日中に見聞きしたこと、体験したこと、学んだことなどの情報の取捨選択がされます。 - 身体組織の修復、再生、成長。
古くなったり、損傷を受けた身体細胞を脳が分泌する成長ホルモンにより修復・再生します。 - 自律神経系、内分泌系、免疫系のバランスを保持。
身体を健康に保つためのシステムの維持管理がされます。
抽象的で分かりづらいですね。
そこで次に、実験により明らかにされた「睡眠の絶大な効果」を数値・グラフと共にご紹介します。
1. 睡眠の身体能力への効果
まずは睡眠により身体的パフォーマンスが著しく向上した例をご紹介します。
1−1. 運動技能の定着
頭で覚えたことを定着させるだけでなく、「体で覚えたことを定着させる効果も睡眠にはある」ハーバード大学医学部の研究チームにより、2002年に報告されました。

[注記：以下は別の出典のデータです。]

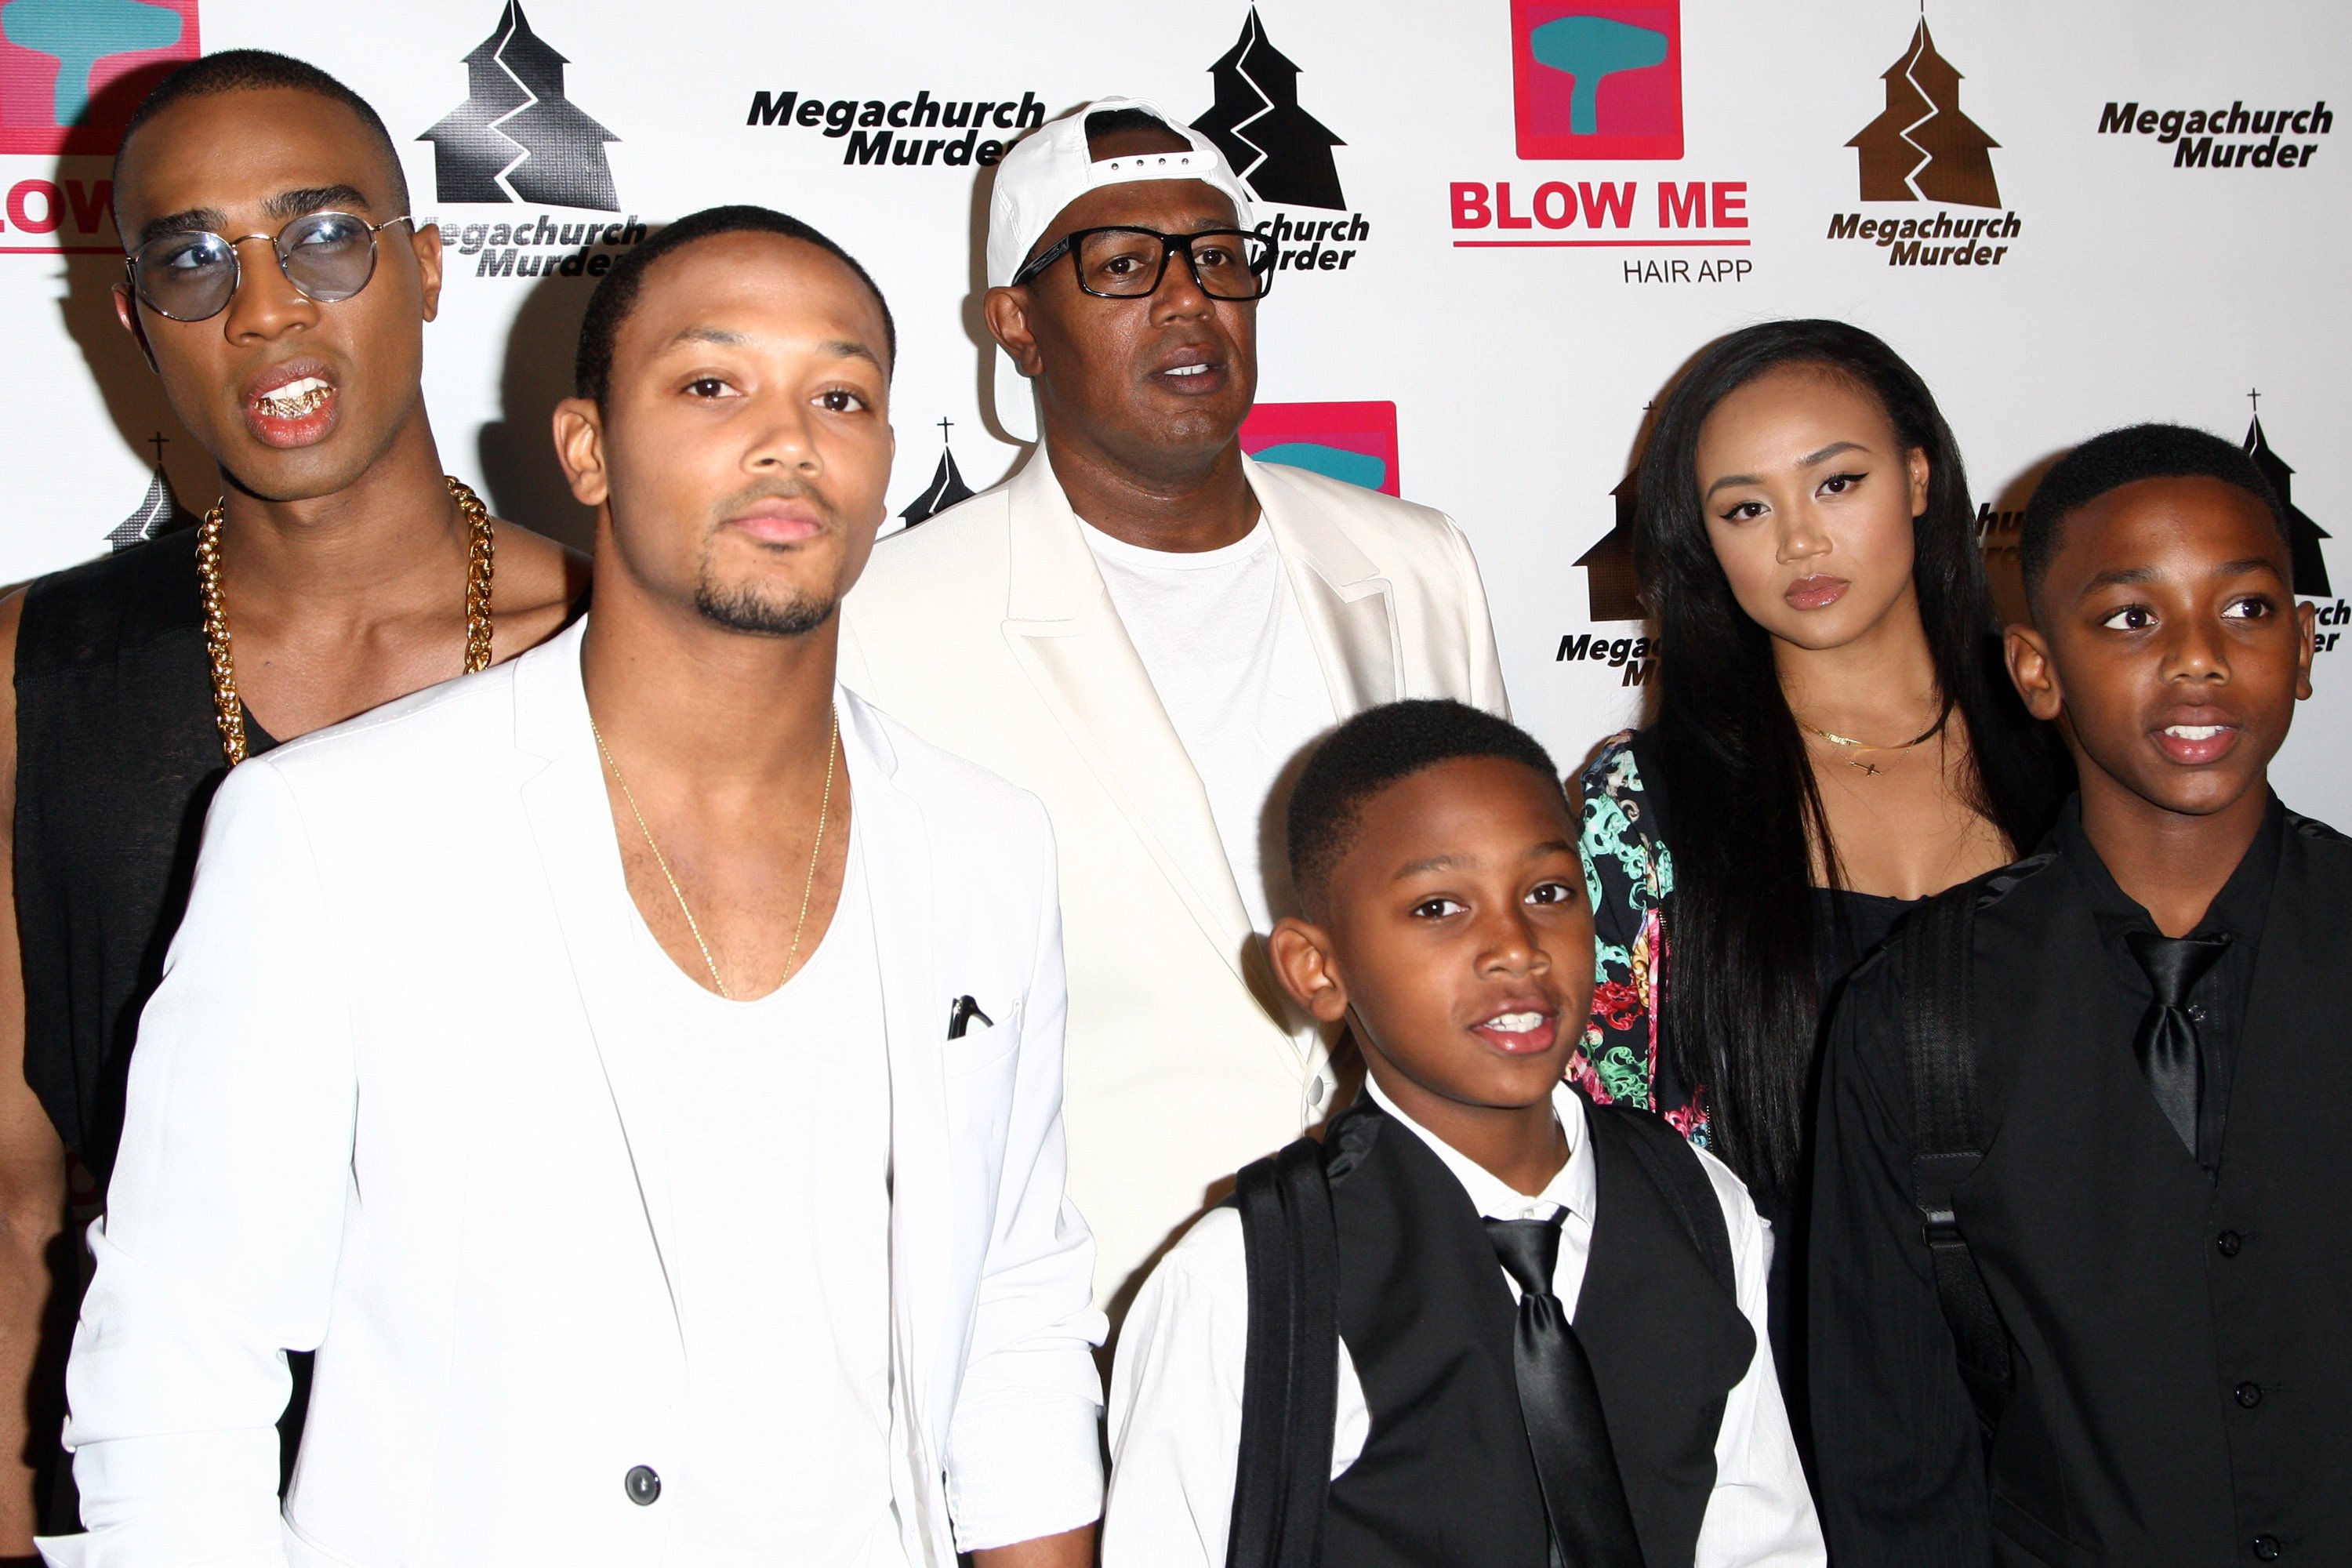 Rappers Romeo Miller aka Lil' Romeo (L), Master P (C) and his family attend the "Megachurch Murder" premiere screening at Harmony Gold Theater on January 29, 2015 in Los Angeles, California.  |  Source: Getty Images
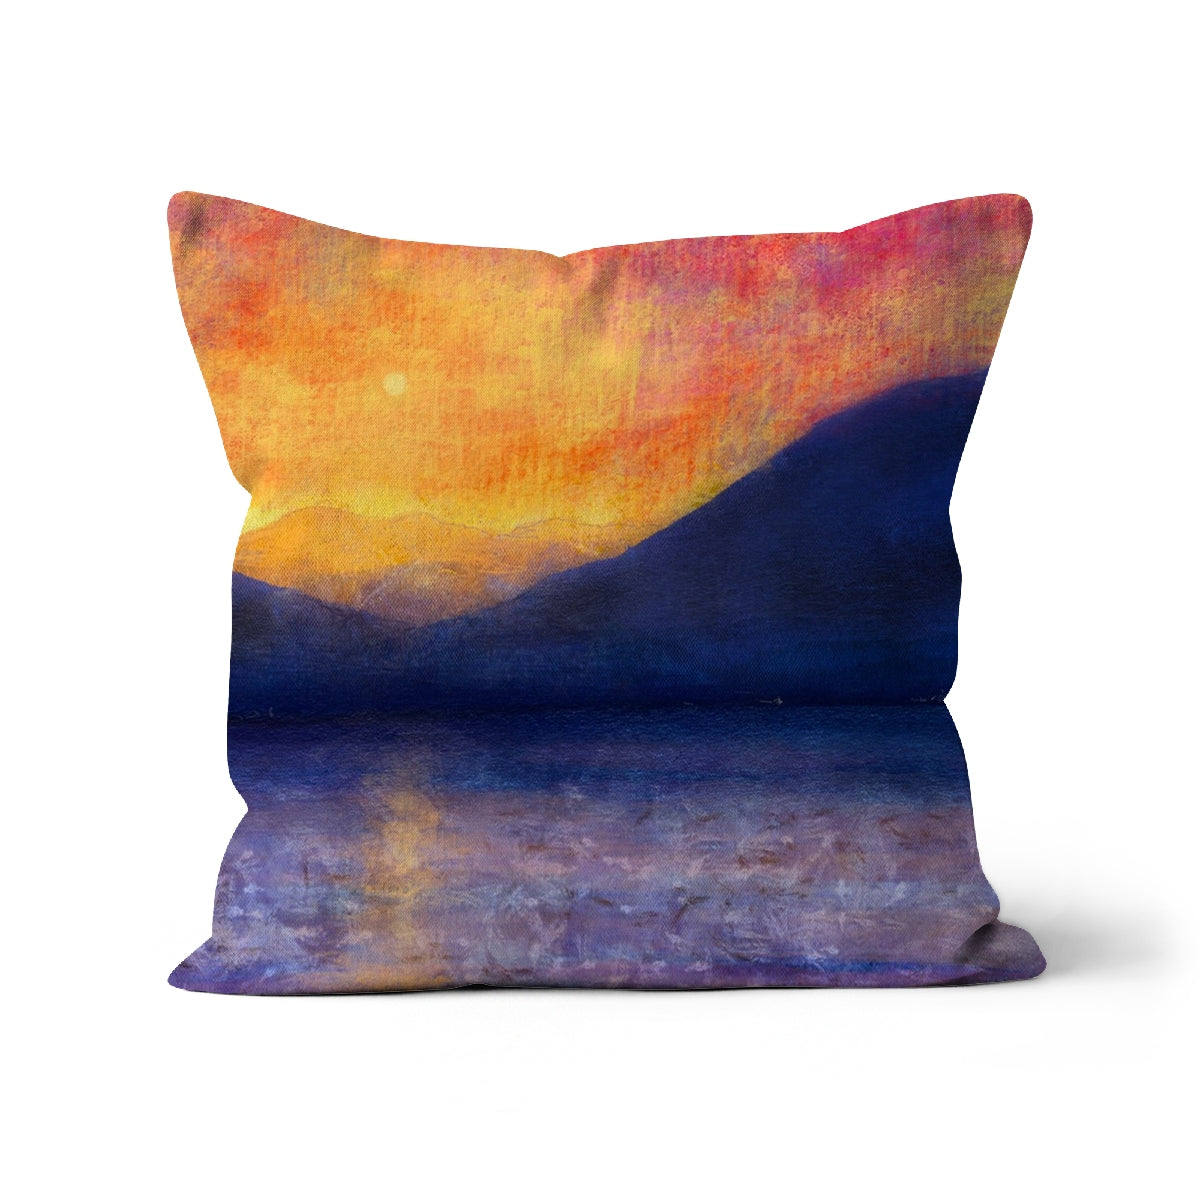 Sunset Approaching Mull Art Gifts Cushion-Cushions-Hebridean Islands Art Gallery-Linen-22"x22"-Paintings, Prints, Homeware, Art Gifts From Scotland By Scottish Artist Kevin Hunter

系列タッピングという試験を用いて、研究が行われました。系列タッピングとは、非利き手の指に番号を振り(人差し指に1、中指に2、薬指に3、小指に4)、ディスプレイに「2-4-1-3-1」のように5つの数字が出たら、対応する指で素早くキーを叩いて入力する、という試験で、30秒間にどれだけ入力できるかを測定します。
研究チームは被験者を2つのグループに分けて、練習と2回のテストの間の睡眠の挟み方を以下のように変えました。
グループA:10:00amに練習し、10:00pmに1度目の試験。そして睡眠を挟み、10:00amに2度目の試験。 グループB:10:00pmに練習し、睡眠を挟み、10:00amに1度目の試験。そして10:00pmに2度目の試験。 |
その測定結果が、以下のグラフに表されています。
なんと、どちらのチームも睡眠をとった後のスコアが劇的に向上(約20%)しています。つまり、睡眠をとることで体で覚えた内容の定着率が格段に向上することが分かりました。
※なお、この実験の続きでは、成績向上は睡眠の後半に現れる浅い睡眠と強い相関性があると、報告しています。
1−2. 運動技能の向上
また、スタンフォード大学の研究チームがバスケットボール部の学生を対象に行った実験では、睡眠時間をいつもより伸ばすことで運動技能が飛躍的に向上したと報告しています。
実験は以下のように行われました。
平均年齢19.4歳(±1.4歳)の被験者に11人に、いつも通りの生活は2〜4週間続けてもらった後に、毎晩少なくとも10時間眠るようにする生活を5〜7週間続けてもらいました。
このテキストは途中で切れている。